Halo 5: Guardians – Paper-thin Armour
I’m sure we’re all familiar with the Master Chief. The hero of the Halo series. A one-man unstoppable force who has mown down armies of aliens, parasites and ancient AIs. He has single-handedly stopped not just one, but four major threats to the survival of the human race. His iconic MJOLNIR armour, protecting him against vacuum, deep water, energy blasts and bullets, is instantly recognisable. Who wouldn’t want to put it on and carve a path of destruction through the universe?
Recently, I joined my fellow FBF-ers in a Halo 5 multiplayer match. This was the first time I’d ever played an online match in any Halo game, but I wasn’t too worried – I’d done reasonably well in Destiny, Star Wars Battlefront, and I even got some nice kills in the Overwatch beta previously. Plus, I had complete trust in my armour and weapons. I wasn’t afraid at all. After all, I am a Spartan. Intense combat is where I live.
We assembled our team, and I took the opportunity to look over the options available to me. I had a few REQ packs to open, and I was pleased to find a variety of mean looking vehicles and weapons. I also experimented with armour types and colours, at one point painting my Spartan in a garish pink and green colour scheme before sanity took over and I chose a suitably business-like black with dark grey highlights. I was however stuck with the blue visor. Then it was time to find a game.
We decided to have a go at the new Warzone: Turbo multiplayer mode, in which two teams of players would try to capture each other’s buildings to score points. Long story short, it went poorly. We joined the Blue team – which overrode our own colour choices with a uniform blue colour – and we were pitted against a team of Red Spartans.
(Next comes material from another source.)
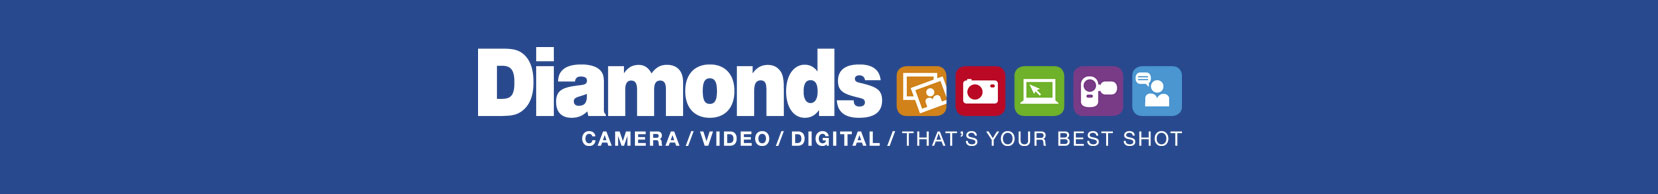 Diamonds Camera Video & Digital

With the sound of Blood Gulch Blues running through my head we went into battle. And died almost immediately.
You see, there is one issue with not having played a game like this before – everyone else is so much better at it than you are and have access to much better equipment. My assault rifle and battle rifle – which once held so much promise – turned out to be about as effective as pea shooters against tank plating. My armour, so invincible and reliable, turned out to be made of paper as I died over and over again from only a couple of shots, while I was only able to chip away at enemy shields.
There were other objectives in the matches besides kicking the living daylights out of each other. From time to time various Covenant and Promethean forces would arrive, giving bonus points to the teams that eliminated them. And here was probably where I was the most effective. I managed to get credit for killing two or three bosses, only to get hosed down straight away by the other team who were using high end weapons like Spartan lasers.
I even tried using vehicles such as the mighty Scorpion tank. Even that lasted mere moments before crumbling under firepower that I wouldn’t have thought would scratch it. We found ourselves losing buildings quickly and our attempts to retake them were almost entirely ineffectual. We did manage to claw some territory back but we lost it just as fast. There were some points where we spawned in our bases only to die immediately as the Red team had gained entry. It wasn’t pretty.
We muddled on for a few games but it was pretty clear we weren’t going to make much impact in the multiplayer world of Halo 5. We did manage to record our exploits so you can watch the full horror – or comedy as you may find – for yourselves in the upcoming weeks. As we dragged ourselves bruised and battered to the main menu screen we all took stock of the lessons we had learned. And we agreed that we would never speak of this again.